Anatomy of a gamble - Risk - neurological reactions - Brief Article
USA Today (Society for the Advancement of Education), August, 2002
Within about a quarter of a second after we see the outcome of a gamble, our brains have processed whether we've won or lost, according to a University of Michigan, Ann Arbor, study. Moreover, choices about the next wager made a few seconds after losses are riskier than those made after gains, providing an apparent neurological counterpart of the gambler's fallacy--the misguided belief that a win is bound to follow a string of losses.
Conducted by assistant professor of psychology William J. Gehring and doctoral student Adrian R. Willoughby, the study confirms the unsettling existence of neurological activity that quickly, automatically, and unconsciously evaluates the significance of choices we have made, then guides our subsequent decisionmaking.

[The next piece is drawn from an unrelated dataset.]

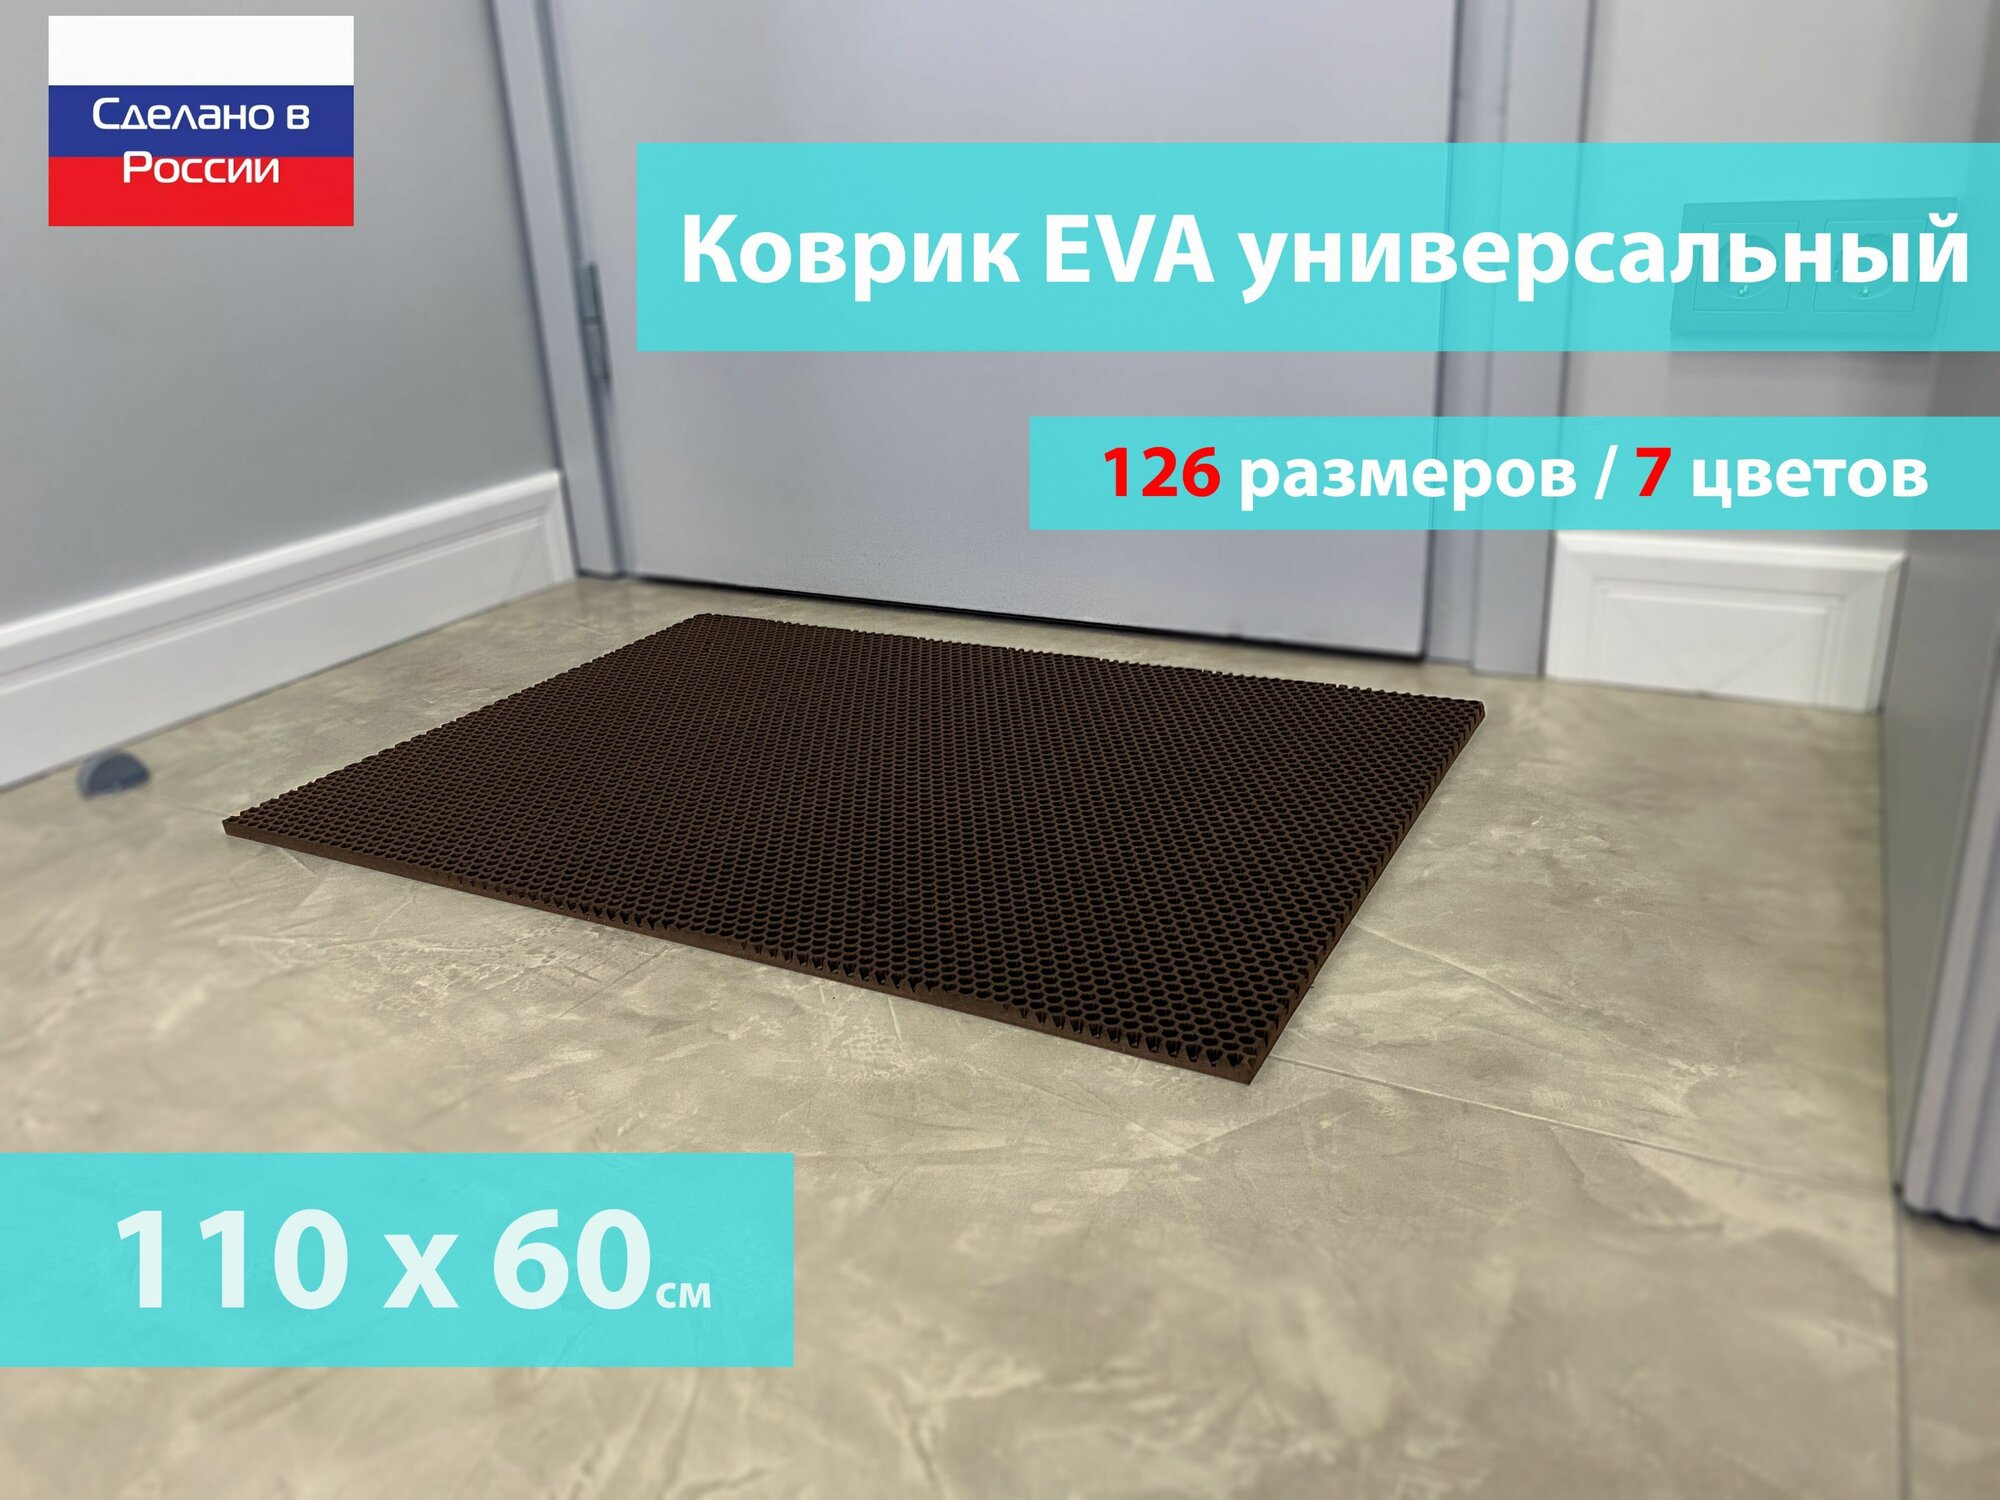 Коврик придверный EVA (ЕВА) в прихожую для обуви / Ковер ЭВА на пол перед дверью/ коричневый / размер 110 х 60 см

This has implications for many quick decisions beyond those made in gambling casinos, including choices routinely made by pilots responding to cockpit indicators, traders checking stock prices, and physicians, police officers, or firefighters faced with life-threatening emergencies.
"The findings suggest that, in many situations, our brains rush to judgment," indicates Gehring. "They rapidly evaluate whether events are good or bad, and this judgment influences how we react." While economists have tended to assume that people make rational decisions, psychologists have long recognized that human decisionmaking is often irrational. Still, Gehring says, he was surprised by how quickly the brain reacted to gain or loss--within 265 milliseconds of seeing the outcome of a decision--and by how strong the gain or loss influenced the next choice people made a few seconds later.
Gehring and Willoughby used a measure of the brain's electrical activity known as event-related brain potentials (ERPs). Subjects, who wore electrode caps, were asked to pick one or two numbers (five or 25) during 24 blocks of 32 trials--making 768 gambling decisions in all. A second after they picked a number, the background changed to green for a win and red for a loss; then, a few seconds later, subjects were faced with another choice. After each pick, subjects won or lost five or 25 cents.
Analyzing the ERPs during this process, the researchers found a characteristic pattern of negative-polarity electrical activity that peaked about one-quarter of a second after participants learned whether they had won or lost. This ERP originated in the medial frontal cortex, either in or near the anterior cingulate cortex--a place deep in the brain behind the upper part of the forehead.
Previous work by Gehring and others has shown that similar ERPs are produced when subjects make errors. In the design of the current experiment, however, the researchers structured the gambling trials so that subjects could see what they would have gained or lost had they selected the other choice available to them. Making the other choice sometimes would have resulted in a loss greater than the loss subjects actually incurred, or a gain greater than the one they actually obtained. Yet, the researchers found that ERPs emanating from deep in the brain were triggered only by losses, not when subjects failed to choose the larger of two possible gains.